The line with "Hotwife Anklet /" marks the first line to copy, and the line with "Toronto Maple Leafs" marks the last. Transcribe that stretch of the data below exactly, without pictures.

• EXTRACTED RECORDS:

________________________

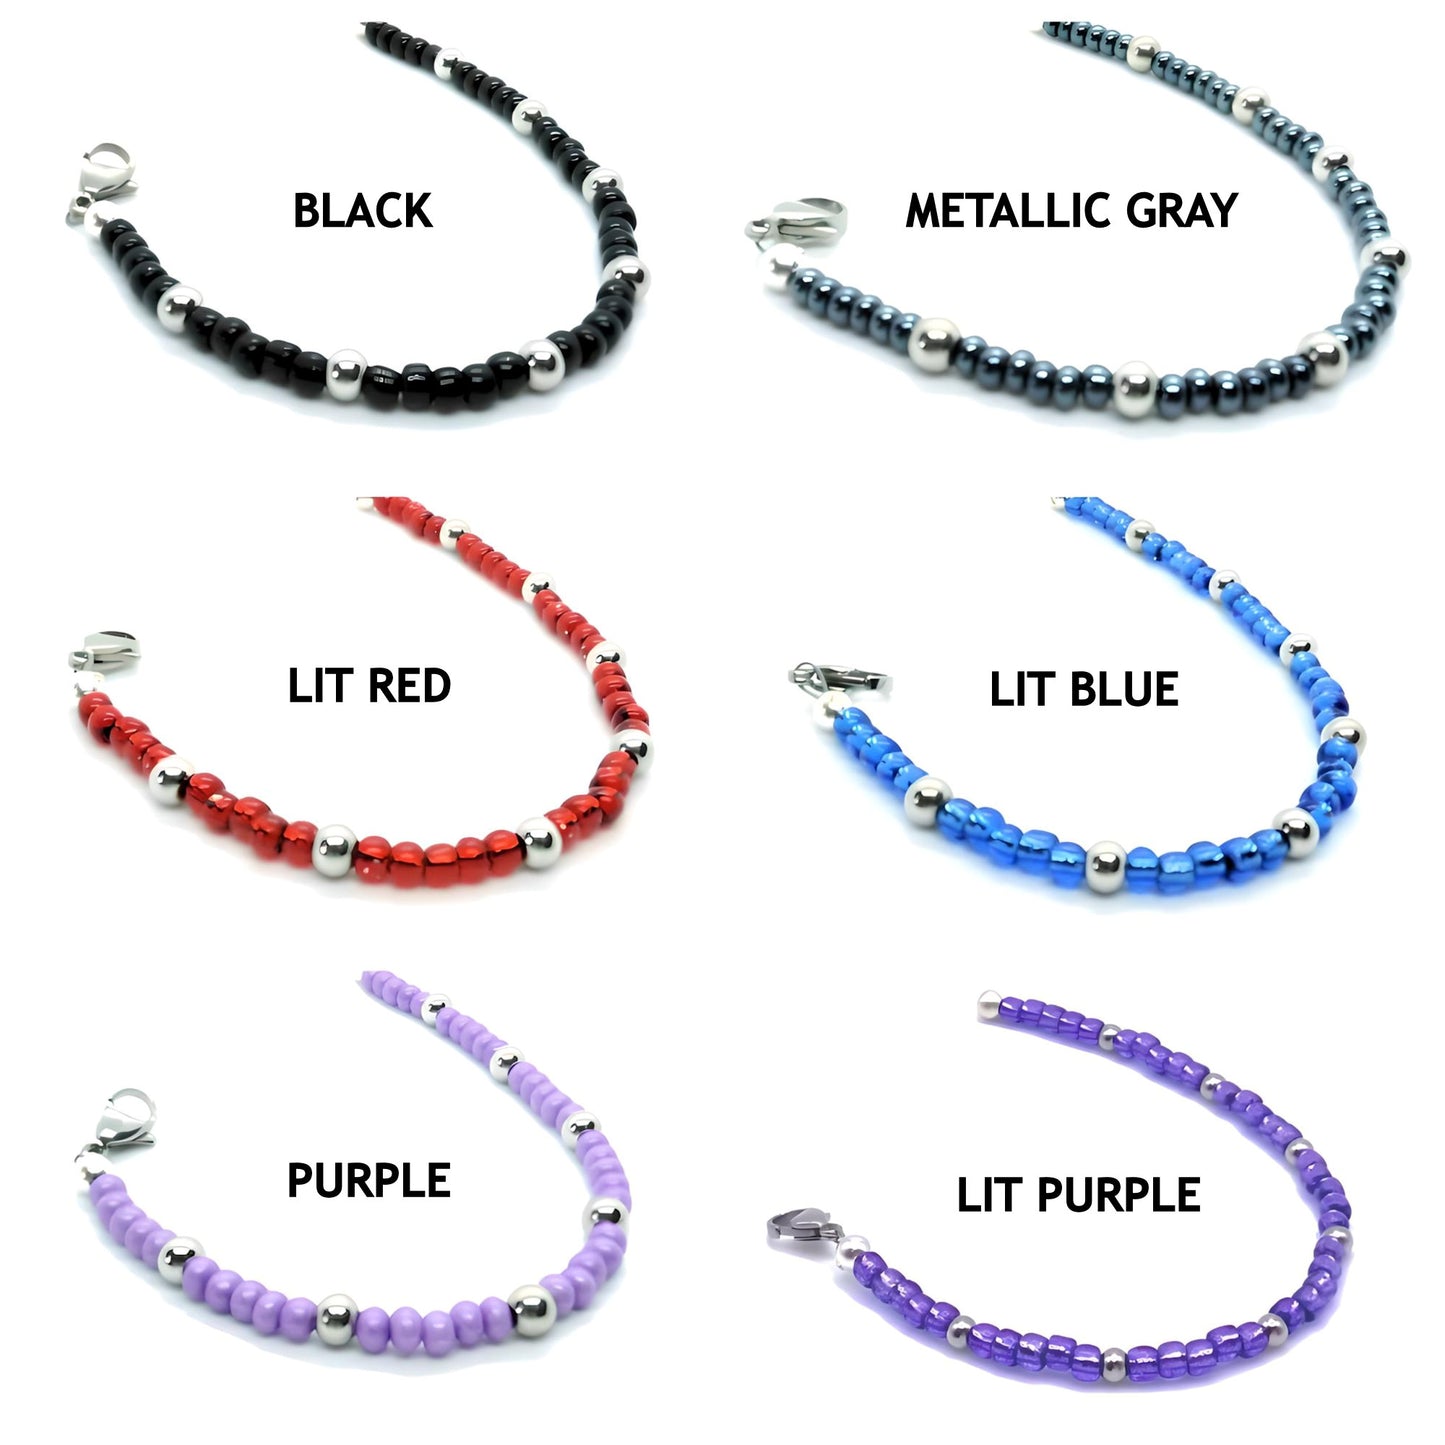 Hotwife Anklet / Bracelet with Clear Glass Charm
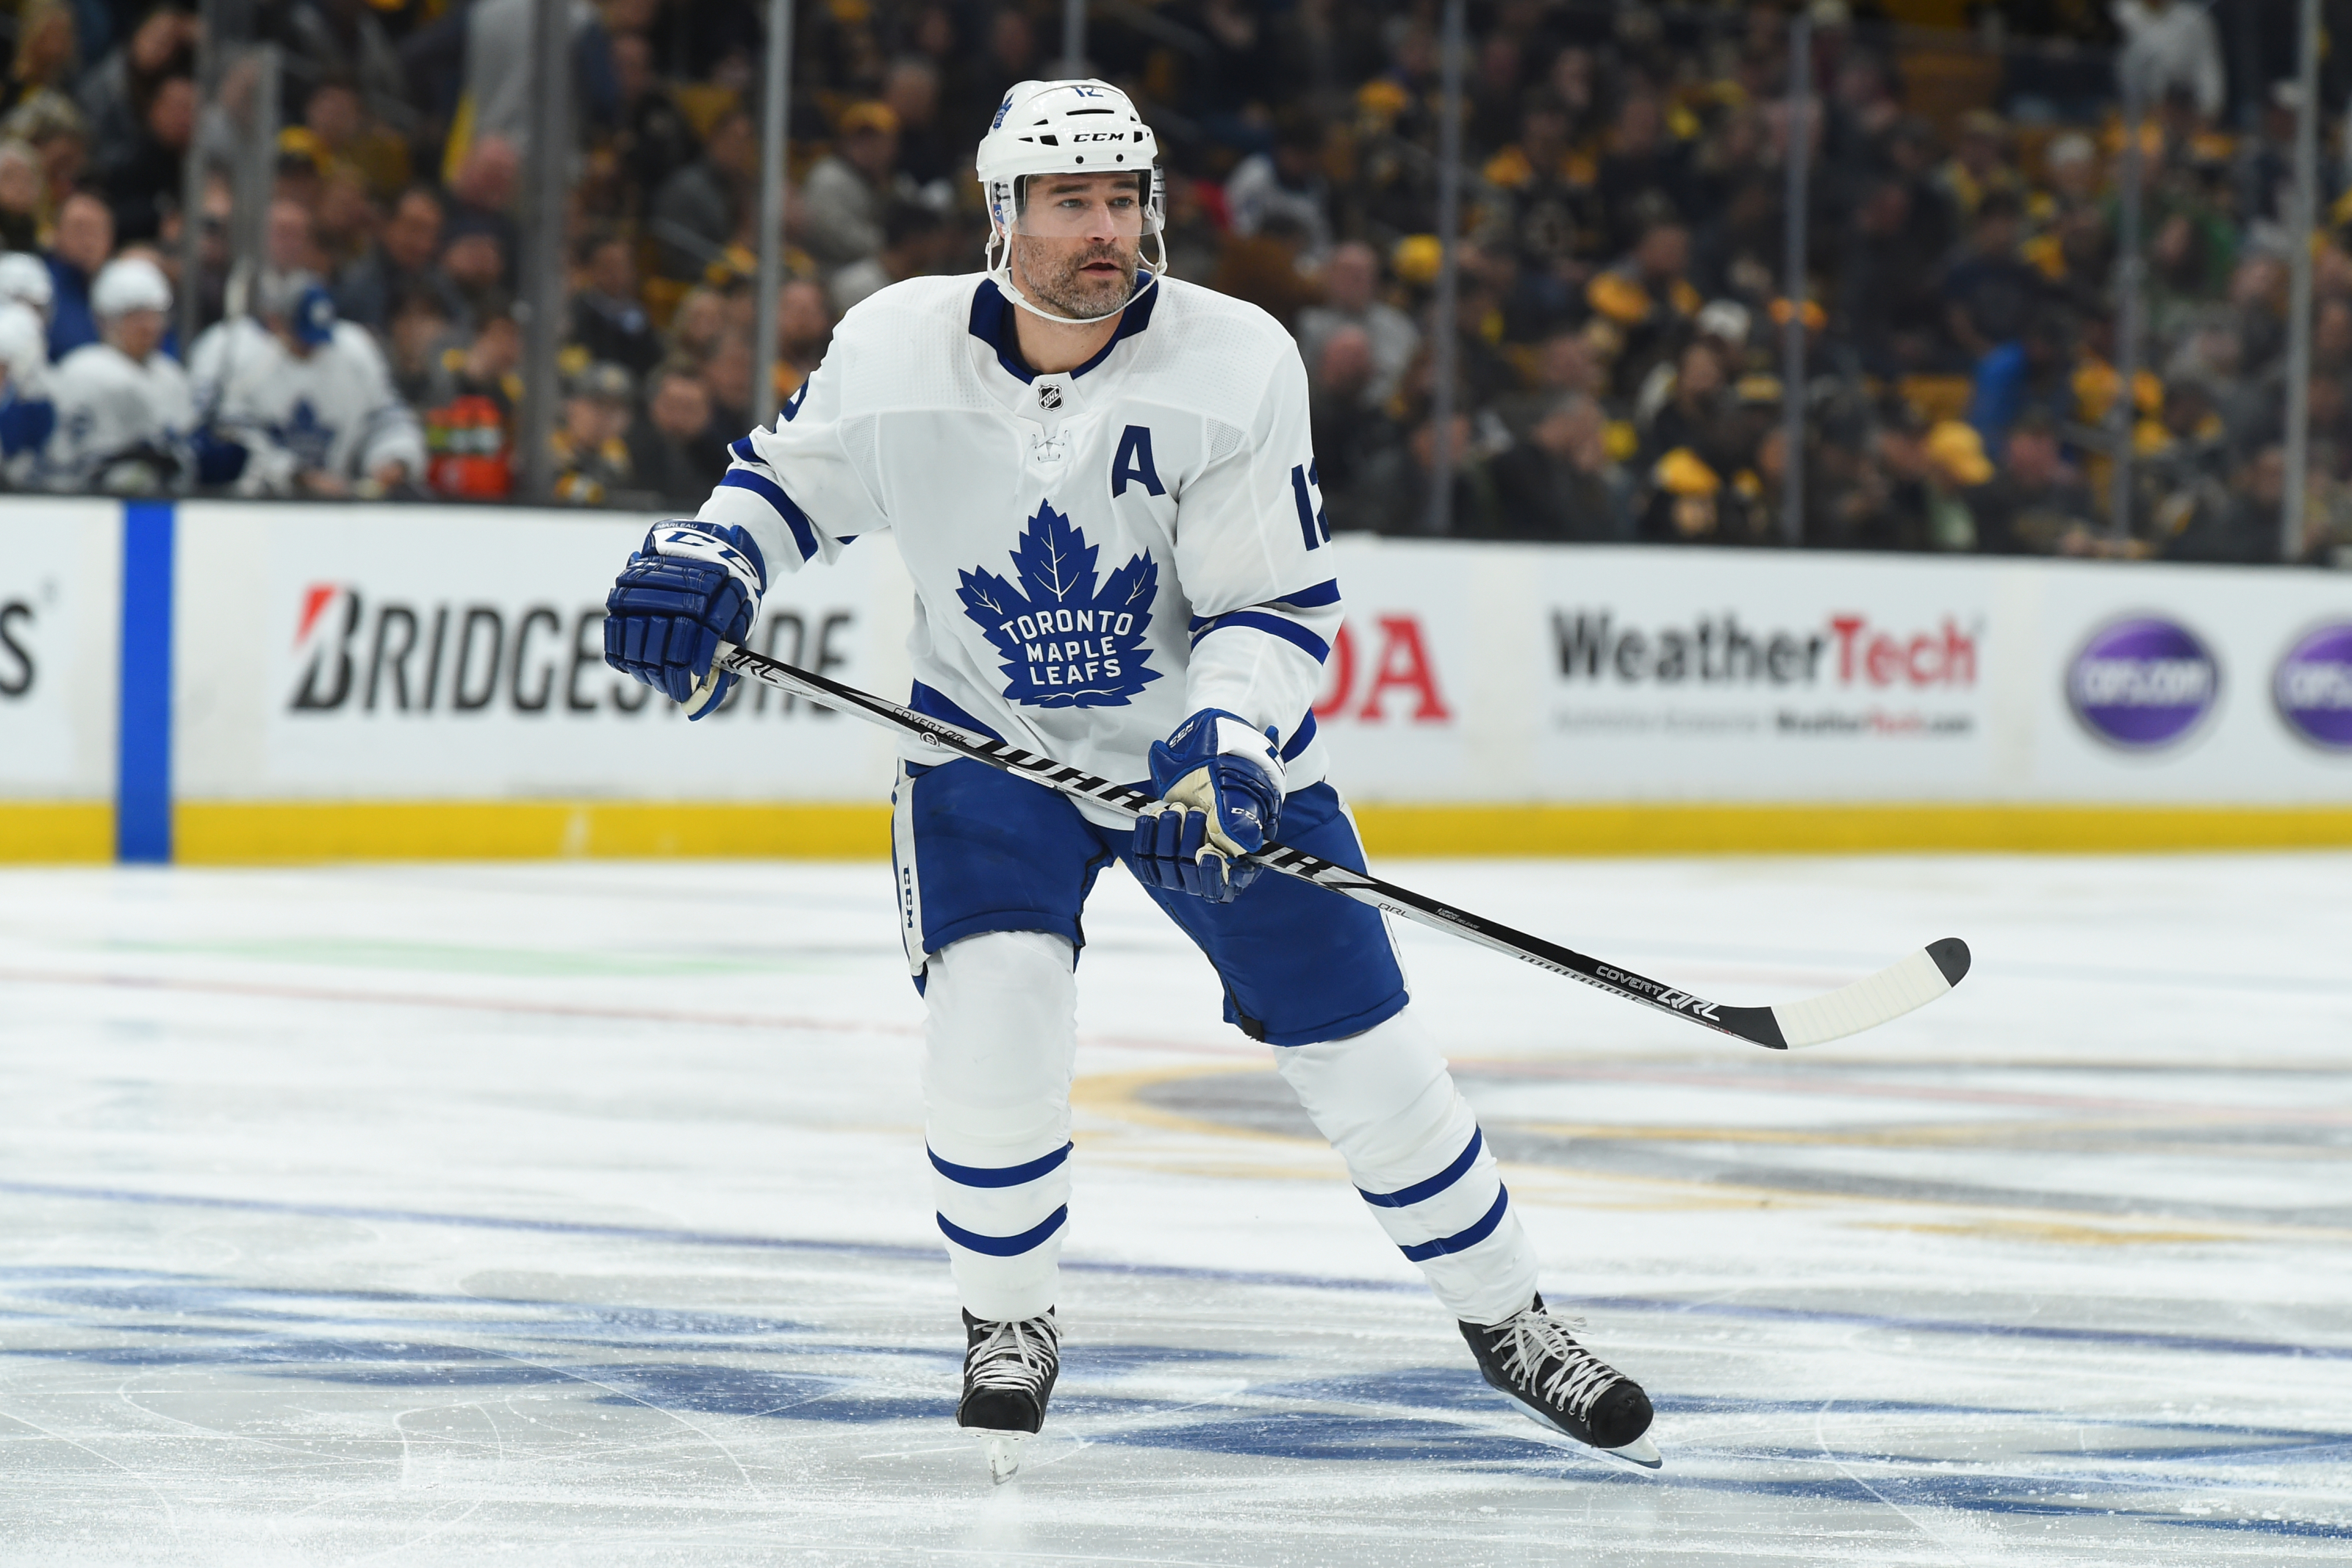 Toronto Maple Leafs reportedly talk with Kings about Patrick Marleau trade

________________________

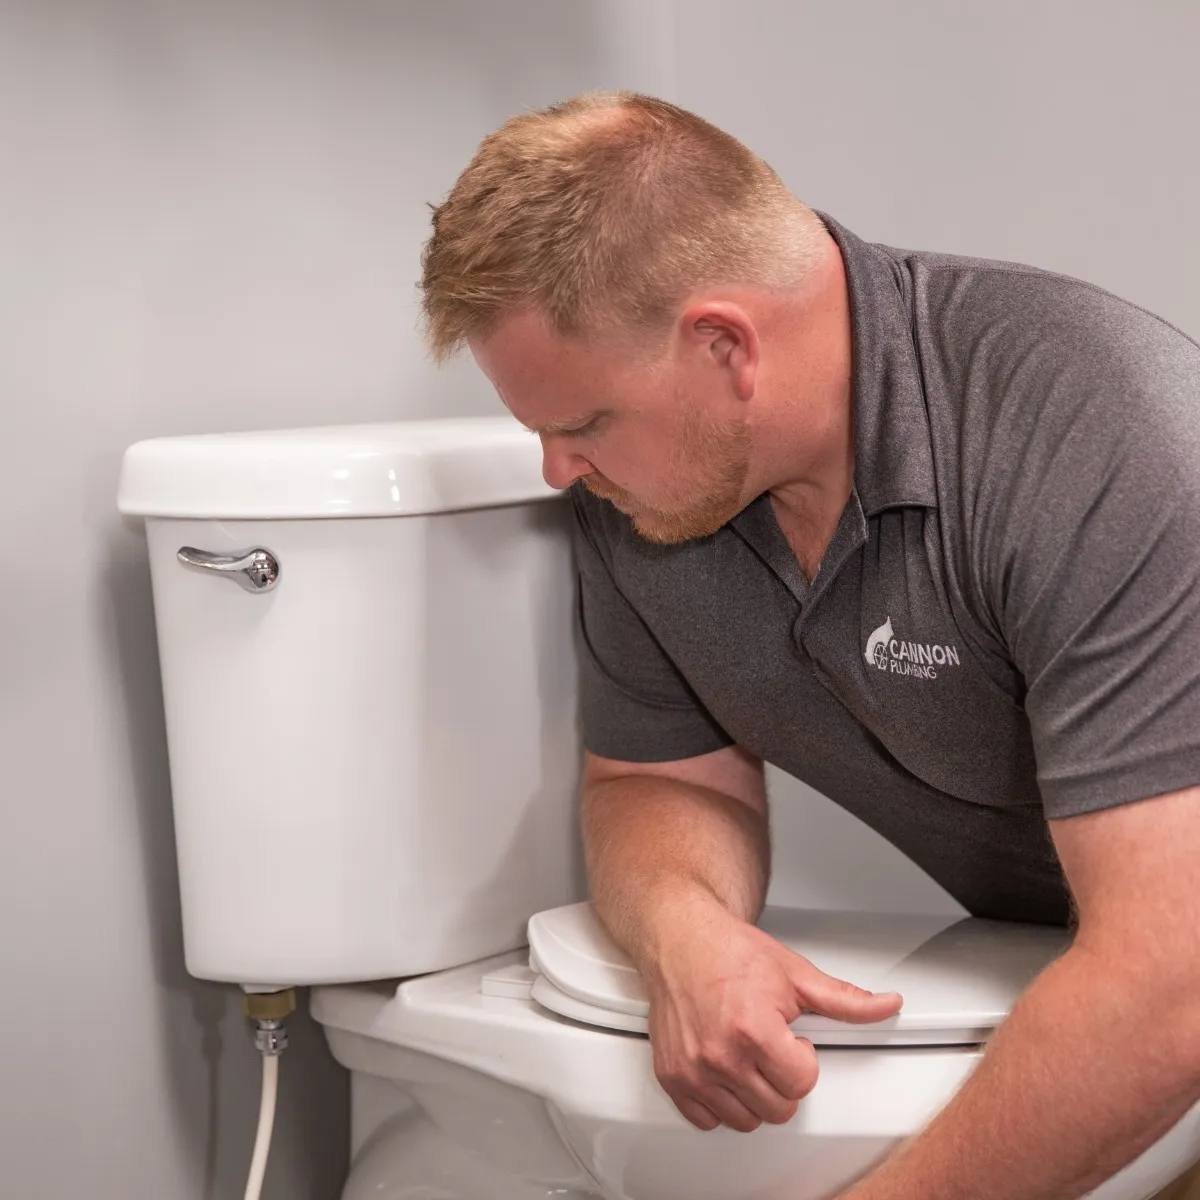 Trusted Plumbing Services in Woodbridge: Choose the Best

________________________

• SOLUTION BELOW:
 Hotwife Anklet / Bracelet with Clear Glass Charm
 Toronto Maple Leafs reportedly talk with Kings about Patrick Marleau trade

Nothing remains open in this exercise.